6 Woonservicegebieden

Om zo lang mogelijk gezond en zelfredzaam te blijven is het voor bewoners belangrijk een woon- en leefomgeving te hebben waarin zij zich goed voelen en dat zij vertrouwen hebben in de buurt. Het gaat daarbij niet alleen om fysieke inrichting van de woonomgeving, maar ook om een goed functionerend leefklimaat met een sterke sociale samenhang. Dat wil zeggen dat bewoners onderling contact hebben. Dat kan variëren van elkaar groeten op straat en elkaar, als het nodig is, ondersteunen tot het gezamenlijk ondernemen van activiteiten, zoals het organiseren van een straat of buurtfeest. Het gaat er ook om dat mensen elkaar op zaken kunnen aanspreken als dat nodig is.

In de gemeente Wierden kennen we tot op heden vijf woonservicegebieden: Wierden Oost, Enter, Hoge Hexel, Notter Zuna en Rectum Ypelo. In 2013 wordt Wierden West een woonservicegebied.

Met woonservice werken we aan de realisatie van een samenhangend aanbod van wonen, welzijn en zorg waardoor het ook goed wonen is voor ouderen en mensen met een beperking. Een wijk waar mensen met een beperking zoveel mogelijk zelfstandig kunnen wonen en deelnemen aan de samenleving, waar nodig ondersteund door vrijwilligers, mantelzorgers en professionele voorzieningen. Mensen kunnen hierdoor zo lang mogelijk in eigen huis blijven wonen, ook als zij te maken krijgen met functiebeperkingen. Met de ontwikkeling van woonservicegebieden willen we inspelen op de groeiende en veranderende vraag van de ouderen en mensen met functie¬beperkingen.

De uitgangspunten van de woonservicegebieden:

- Individueel: Mensen, ook als ze ouder worden en/of te maken hebben met functiebeperkingen moeten zo goed mogelijk hun eigen leven kunnen blijven leiden en zich kunnen welbevinden.

- Maatschappelijk: een gemende bevolkingssamenstelling draagt bij aan de leefbaarheid en sociale samenhang in wijken en buurten. Mensen kennen elkaar en kunnen wat voor elkaar betekenen.

- Mensen en hun wensen zijn uniek. Mensen moeten keuzemogelijkheden en keuzevrijheid hebben.

6.1 Overzicht woonservicegebieden

Onderstaande tabel geeft een overzicht van de woonservicegebieden die reeds zijn opgezet. De fase waarin deze gebieden zich bevinden verschilt. Hierdoor varieert ook de mate van coördinatie en het aanbod van voorzieningen.

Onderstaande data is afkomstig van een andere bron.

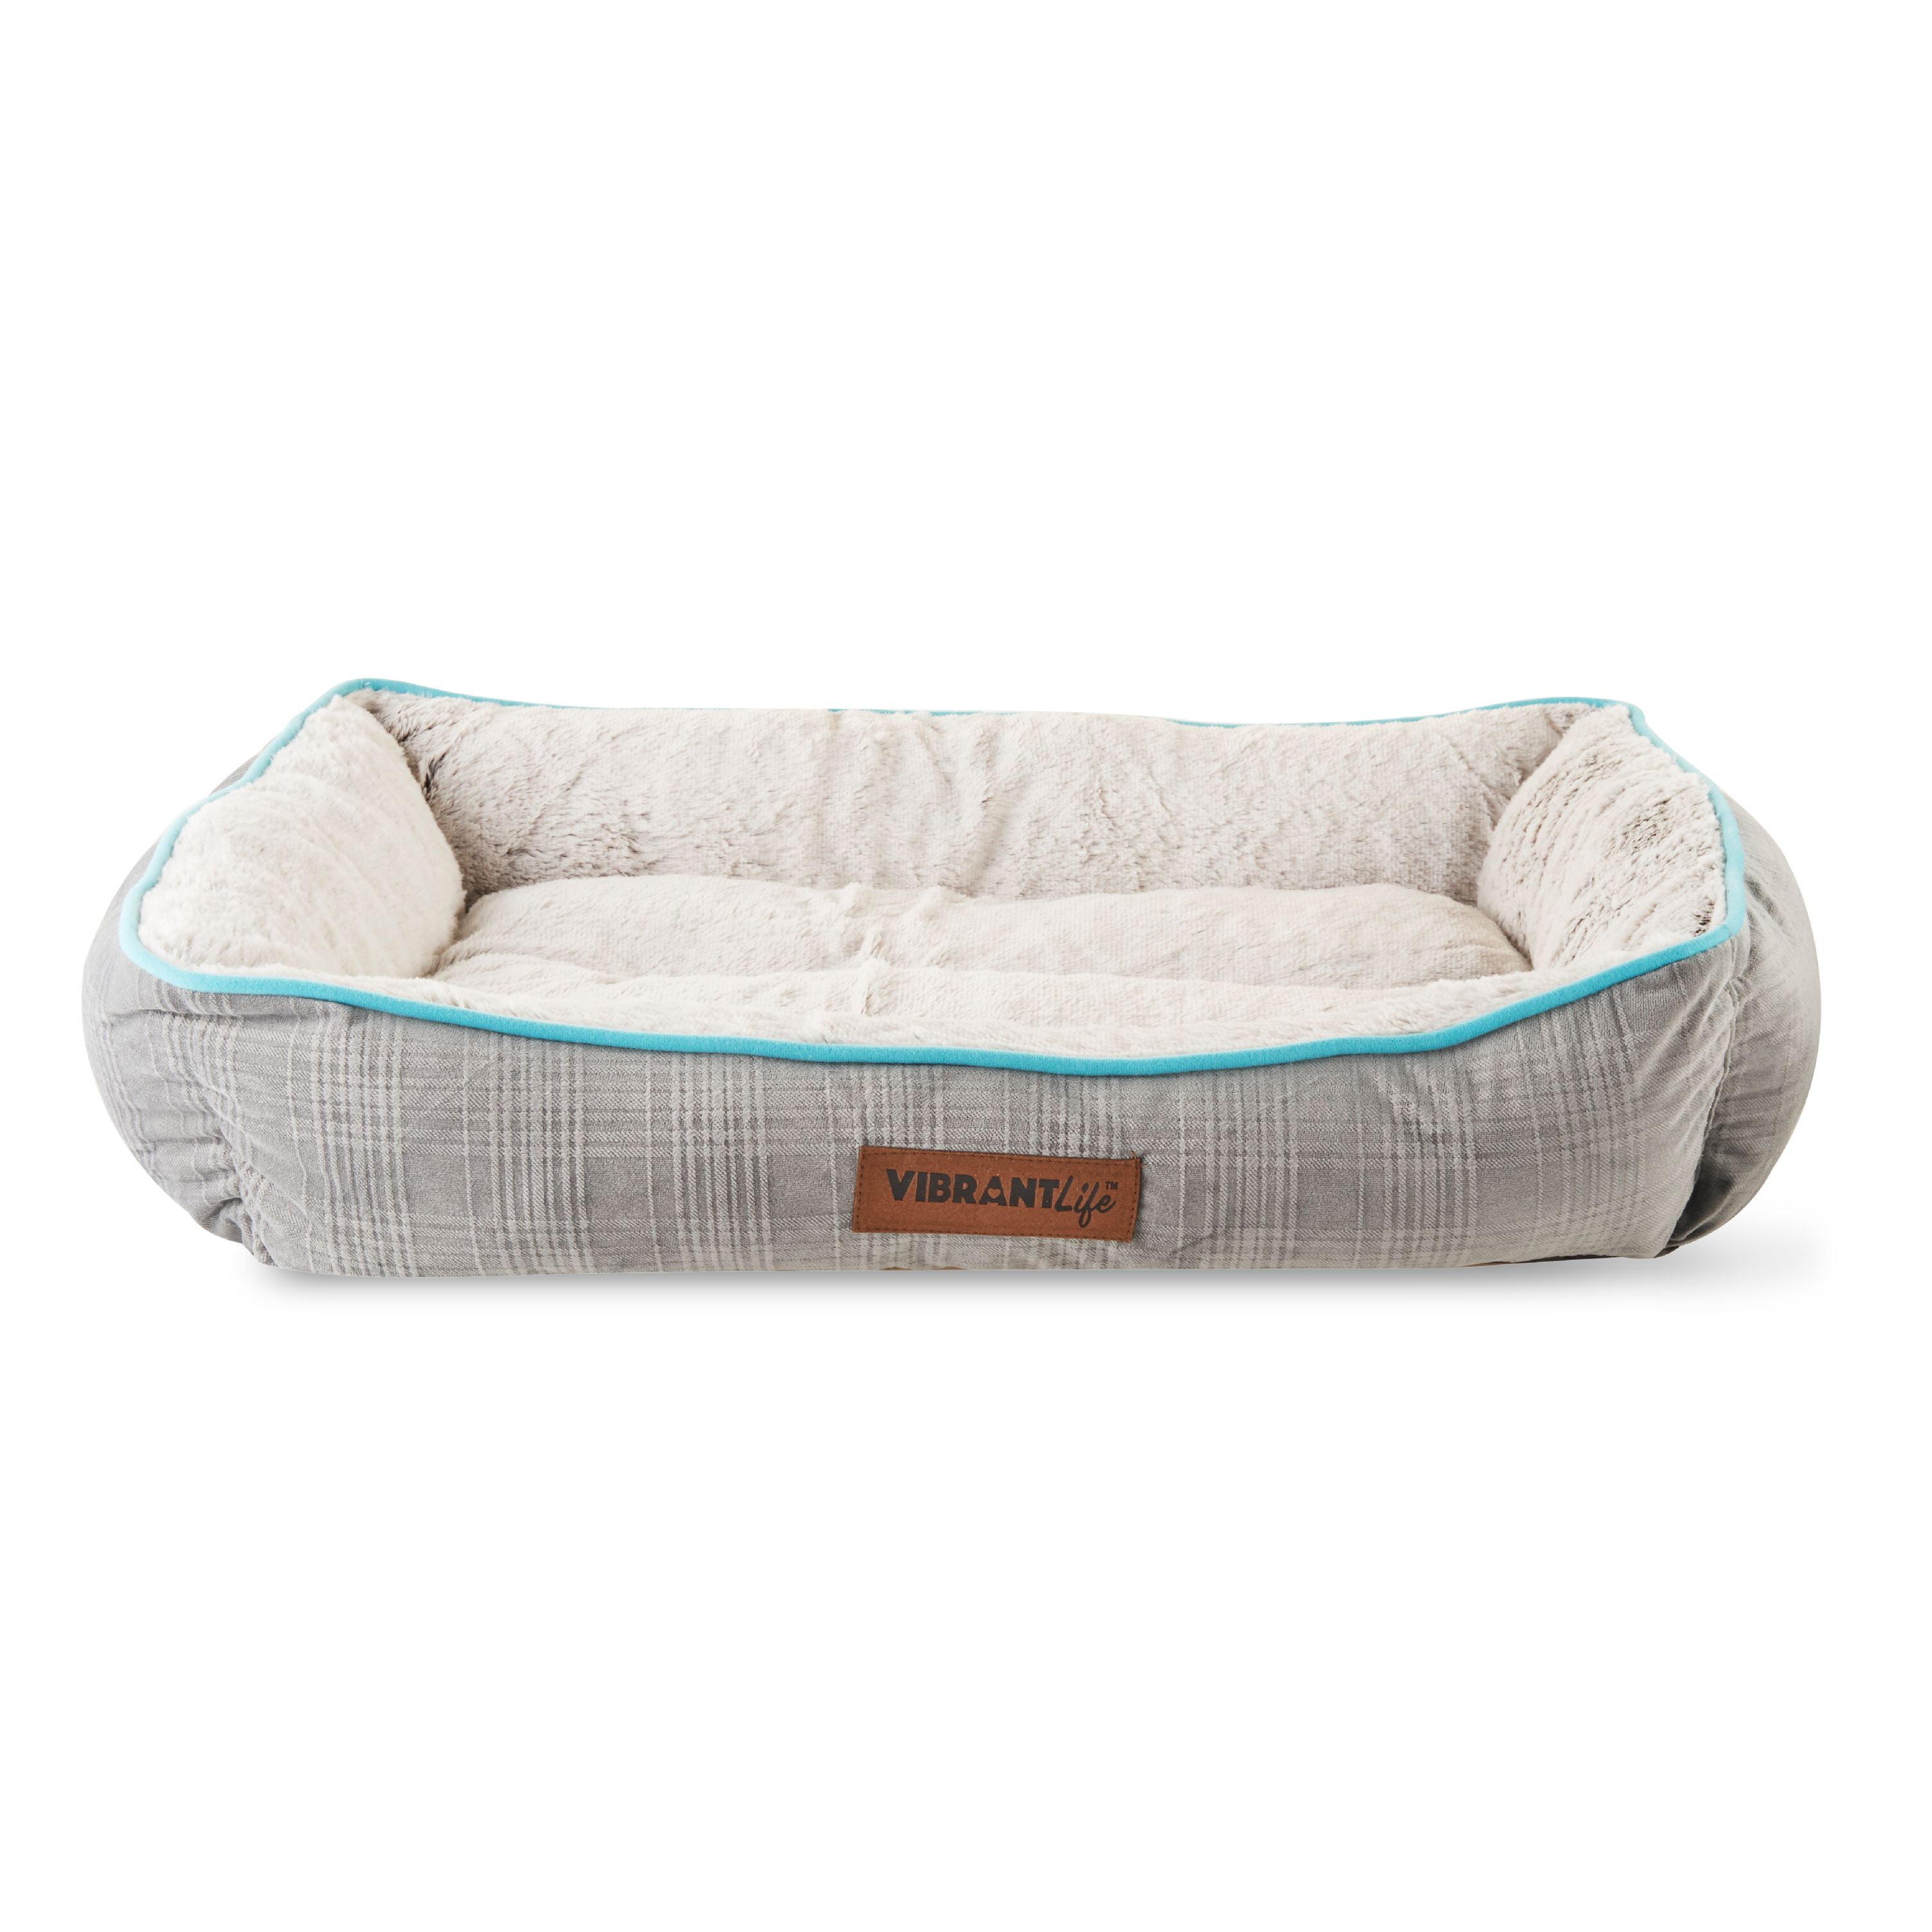 Vibrant Life Luxe Cuddler Pet Dog Bed

Woonservicegebied Totaal inwoners Aantal 65-plussers 2013 Aantal Wmo aanvragen (65+) Aantal 65-plussers 2019

Wierden-Oost (2008) 2544 607 96 685

Enter (2008) 6197 1239 240 1428

Hoge Hexel 947 142 17 171

Notter Zuna 847 162 18 188

Rectum-Ypelo (2012) 529 89 11 105

Wierden-West (2013)

Incl. centrum 2877 905 250 1021

Totaal 13.941 3144 632 3598

Overzicht bestaande en geplande woonservicegebieden

Wierden Noord en Enter-Broek zijn nog geen woonservicegebieden, en hebben totaal circa 10.000 inwoners. Ook in deze gebieden zal het aantal inwoners van 65 jaar of ouder toenemen, waarmee het totaal op circa 5000 inwoners van 65 jaar of ouder in 2019 brengt.

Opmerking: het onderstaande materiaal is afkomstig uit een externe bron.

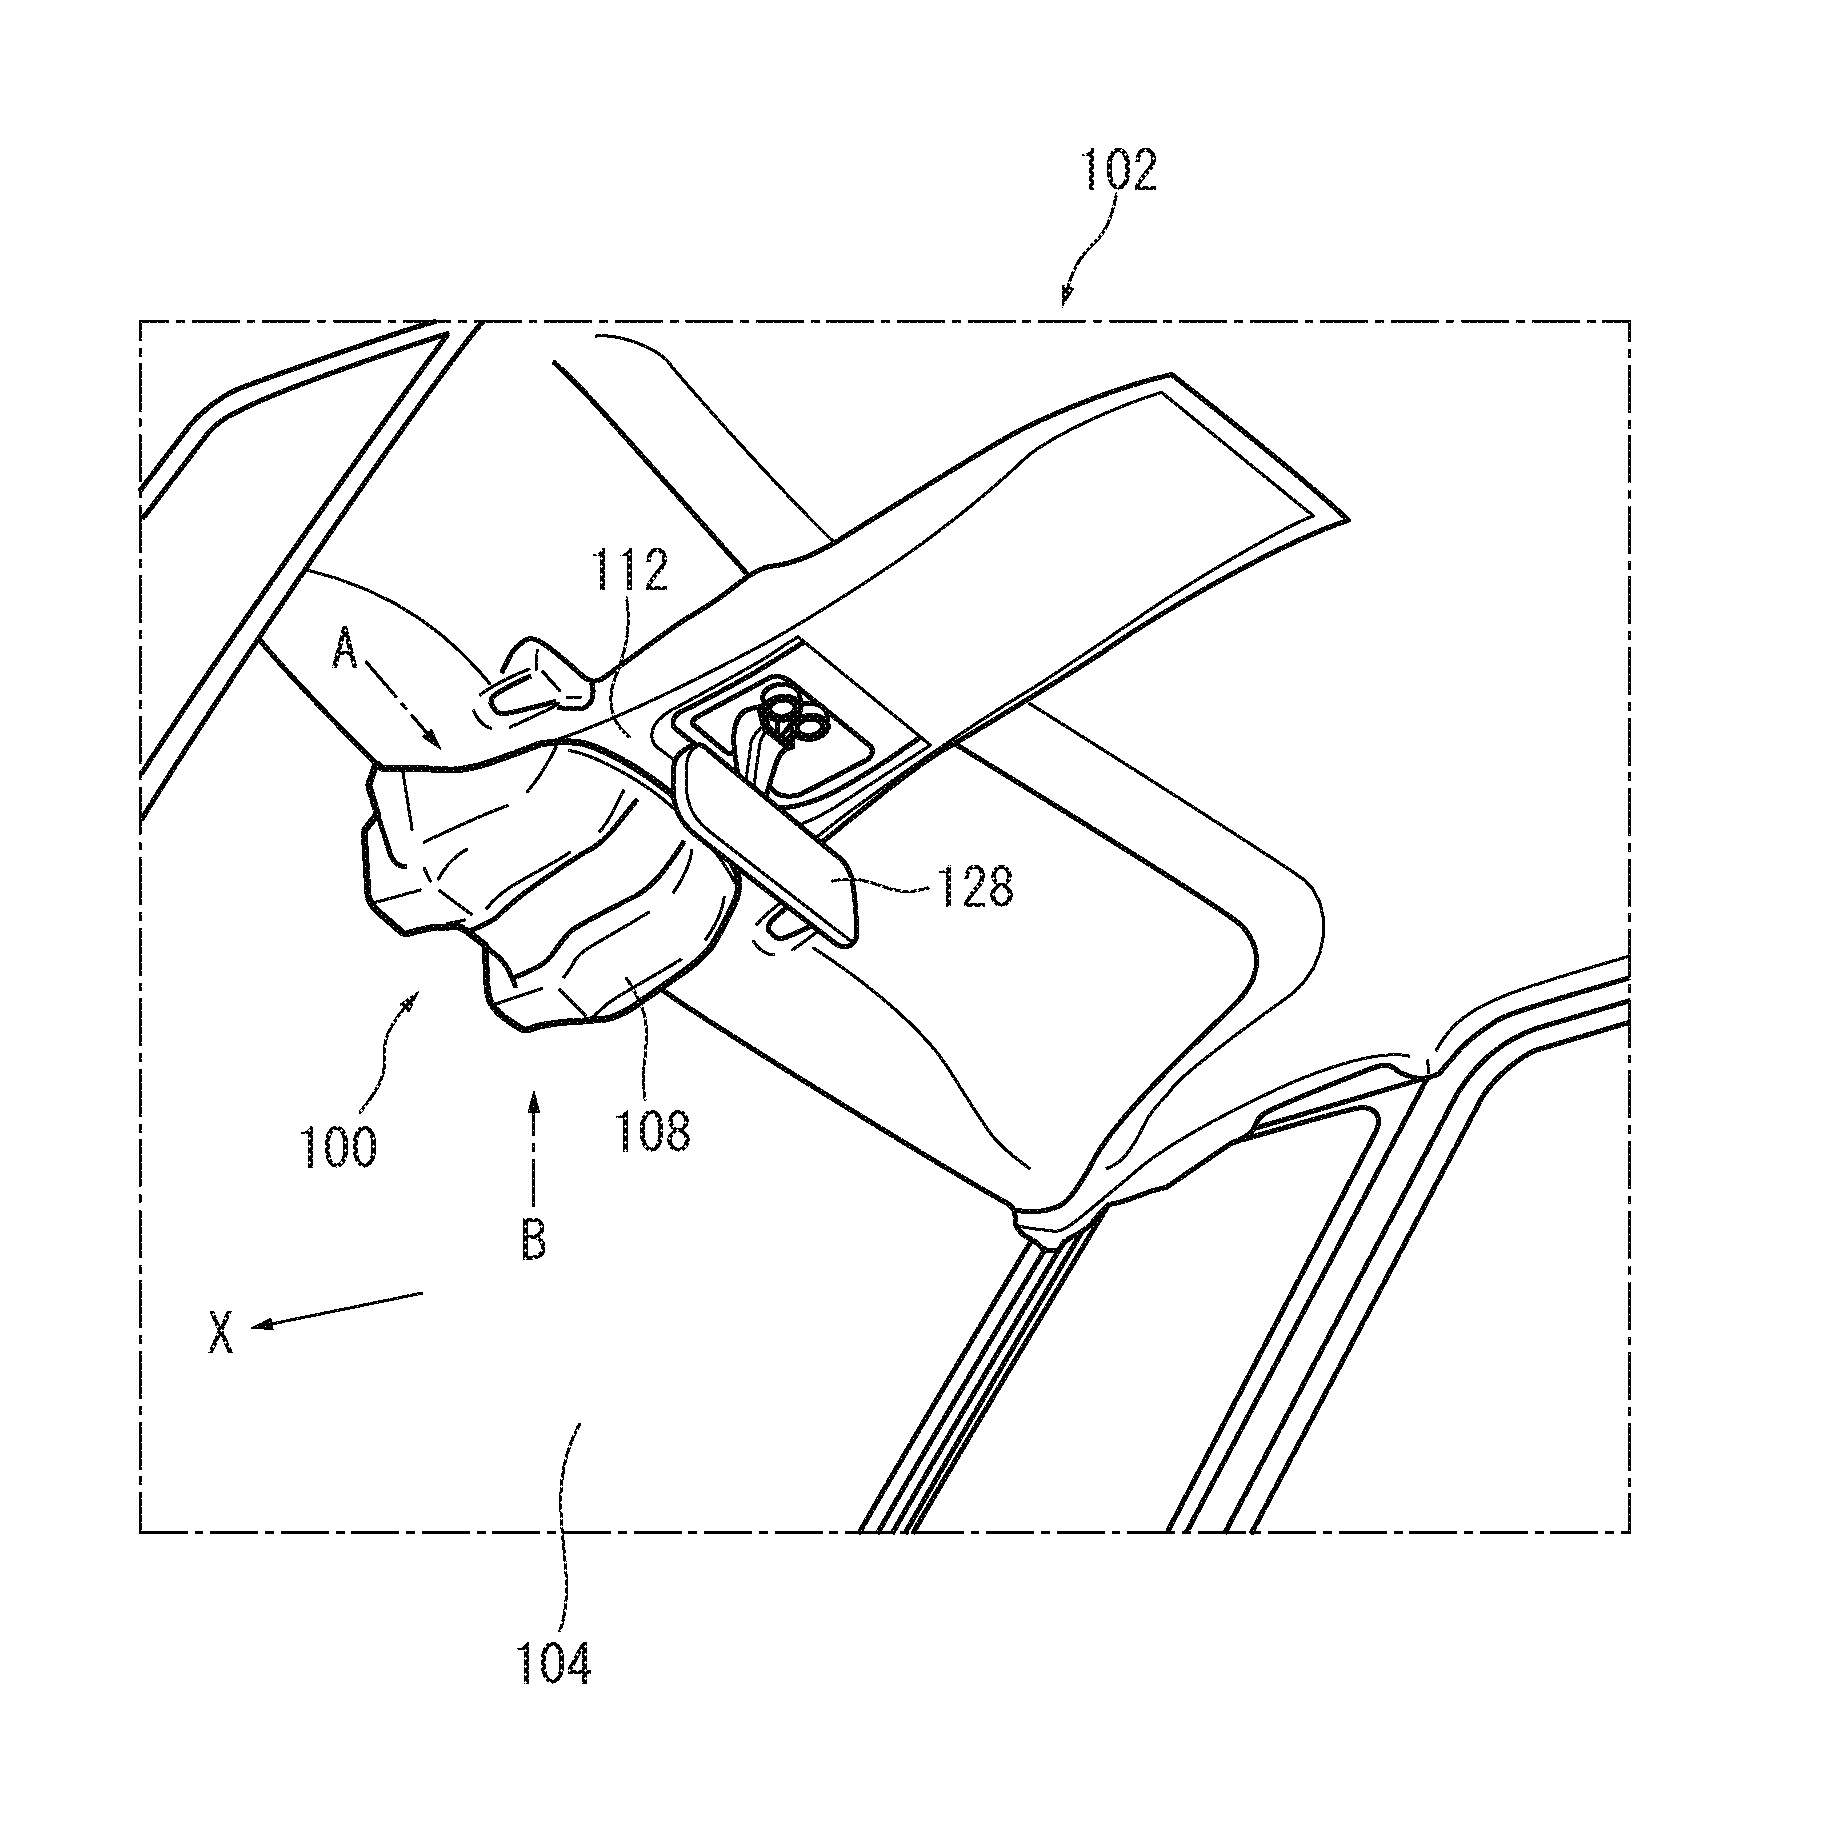 In-vehicle device covering structure

Het doel is om In de woonservicegebieden een scala aan voorzieningen beschikbaar op het terrein van wonen, welzijn en zorg dicht bij huis beschikbaar te hebben. Om dit te bundelen en te coördineren is op dit moment in de huidige woon¬servicegebieden slechts een kwartiermaker werkzaam die per gebied een netwerk heeft opgebouwd bestaande uit o.a. een klankbordgroep, wijkteam, wijkagent, jongerenwerk, thuiszorgmedewerkers, maatschappelijk werk, actieve vrijwilligers in de wijken. Er is een meldpunt en de meldingen worden geregistreerd door de kwartiermaker. Signalen die worden ontvangen door de kwartier¬maker zijn onder andere: eenzaamheid, ondersteuning tijdens invullen formulieren, hulp met boodschappen, het gemis van een maatje. Indien nodig wordt de hulpvraag kortgesloten met de Vrijwillige Thuiszorg, SWWE of andere hulpverlenende instanties. Maar na het kwartiermaken en het leggen van een basis is het wenselijk om de verbindingen en contacten te blijven onderhouden.

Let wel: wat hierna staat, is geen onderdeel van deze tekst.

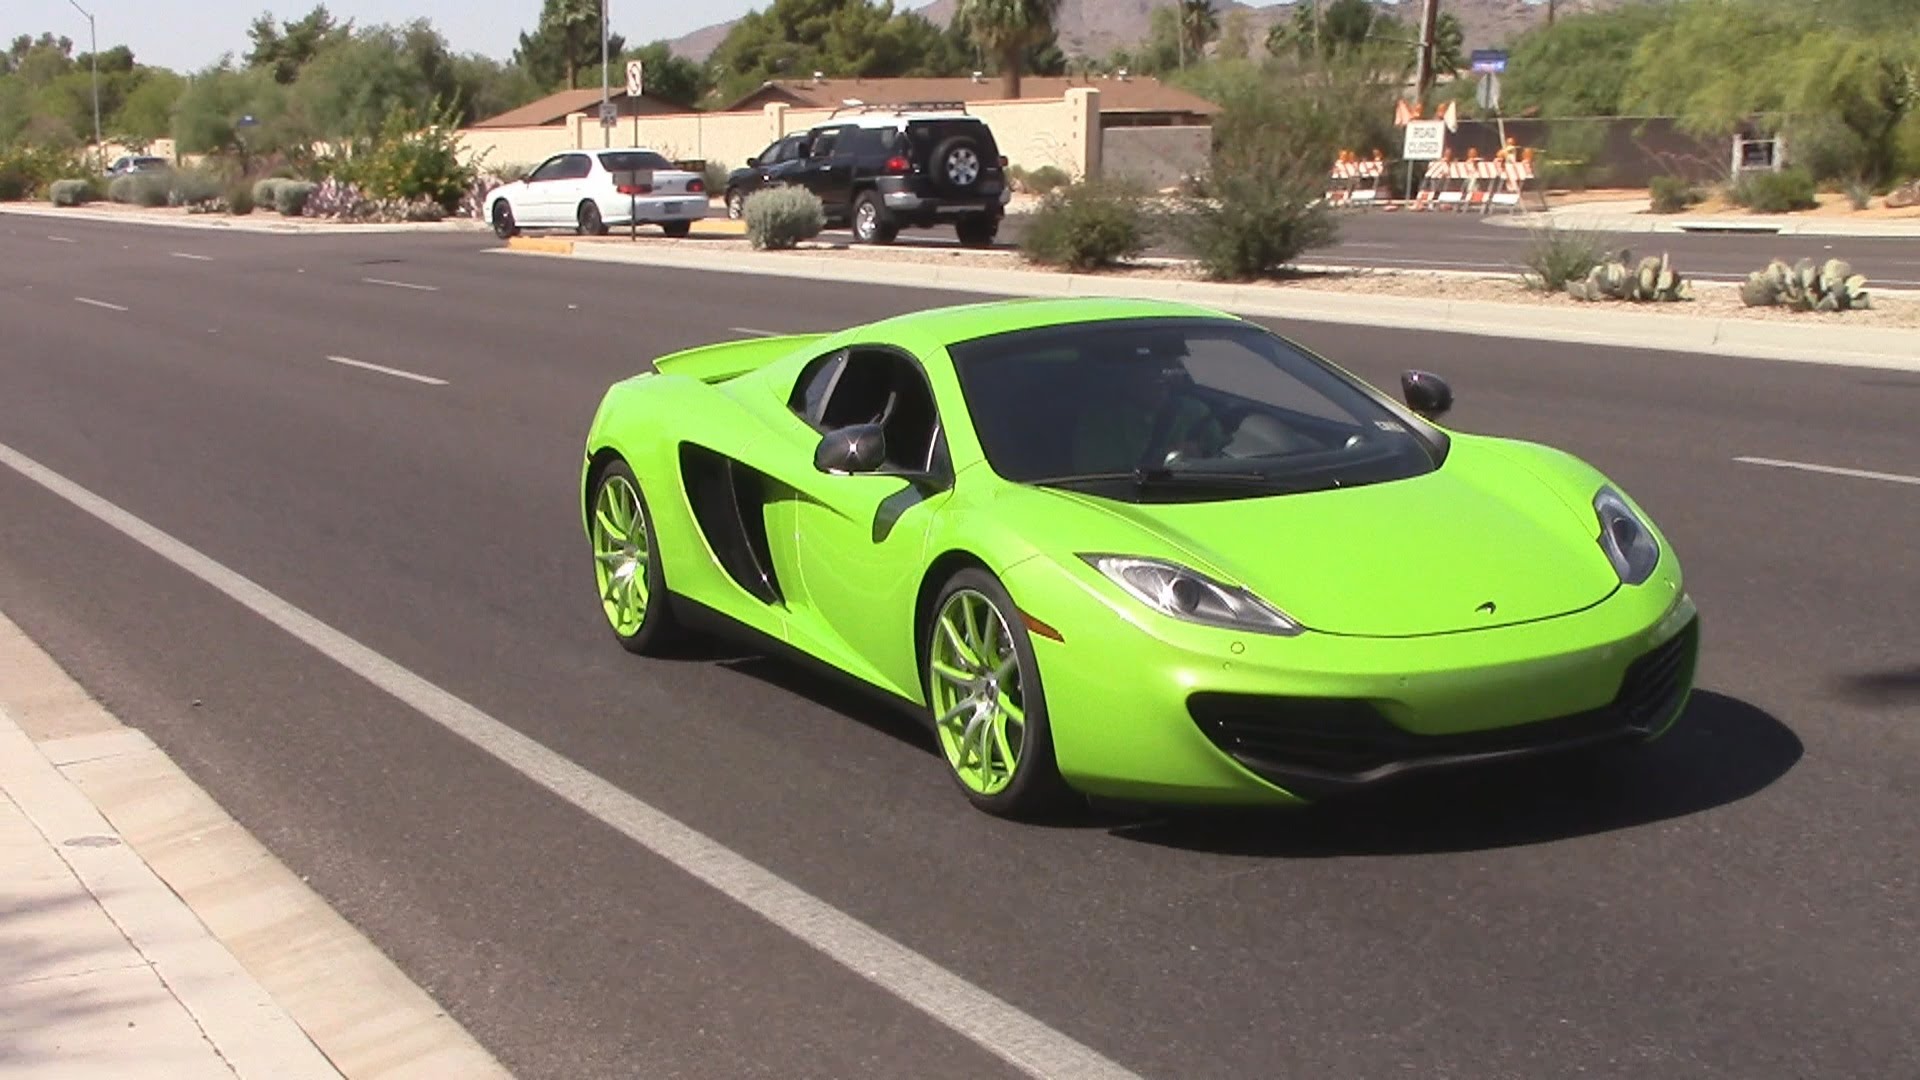 Supercars and Sports Cars Leaving Car Show - McLaren MP4-12C, Nissan ...

Om de inzet van woonserviceteams te coördineren is het noodzakelijk dat in elk woonservicegebied een kwartiermaker/woonserviceadviseur wordt aangesteld. De woonserviceadviseur is onder andere verantwoordelijk voor de coördinatie van de woonserviceteams, het afstemmen van vraag/aanbod van (zorg)aanbod en als aanspreekpunt voor de samenwerkingspartners. Voor de gemeente fungeert de woonserviceadviseur als signaleerder van trends en ontwikkelingen op wijkniveau zowel richting beleid als het zorgloket.

Vanaf 2010 wordt woonservice uitgevoerd met de provinciale bijdrage prestatieafspraken wonen. Dit budget is tot 1 januari 2015. De provincie stelt aan deze subsidie strikte eisen waaraan het besteed moet worden. De provincie heeft voor de prestatieafspraken als eis dat we dit bedrag gebruiken voor:

• maximaal 10 % proces

• maximaal 25 % welzijnsactiviteiten

• 65 % fysiek.

Deze strikte eisen maakt we de afgelopen jaren minder hebben kunnen investeren in welzijn dan gewenst waardoor we slechts een kwartiermaker hebben voor 8 uur per week.

6.2 Conclusies en aanbevelingen

Met woonservice werken we aan de realisatie van een samenhangend aanbod van wonen, welzijn en zorg waardoor het ook goed wonen is voor ouderen en mensen met een beperking. Een wijk waar mensen met een beperking zoveel mogelijk zelfstandig kunnen wonen en deelnemen aan de samenleving, waar nodig ondersteund door vrijwilligers, mantelzorgers en professionele voorzieningen. Mensen kunnen hierdoor zo lang mogelijk in eigen huis blijven wonen, ook als zij te maken krijgen met functiebeperkingen. Met de ontwikkeling van woonservicegebieden willen we inspelen op de groeiende en veranderende vraag van de ouderen en mensen met functiebeperkingen.

Aanbevelingen

- Woonserviceadviseur. Om een samenhangend aanbod van wonen, zorg en welzijn te creëren,

mede door de inzet van woonserviceteams te coördineren, is het noodzakelijk dat in elk

woonservicegebied een kwartiermaker/woonserviceadviseur wordt aangesteld. In de huidige

woonservicegebieden is een kwartiermaker actief voor slechts 8 uur per week voor alle

gebieden samen. Aanvankelijk waren de 8 uur bedoeld voor Wierden Oost alleen.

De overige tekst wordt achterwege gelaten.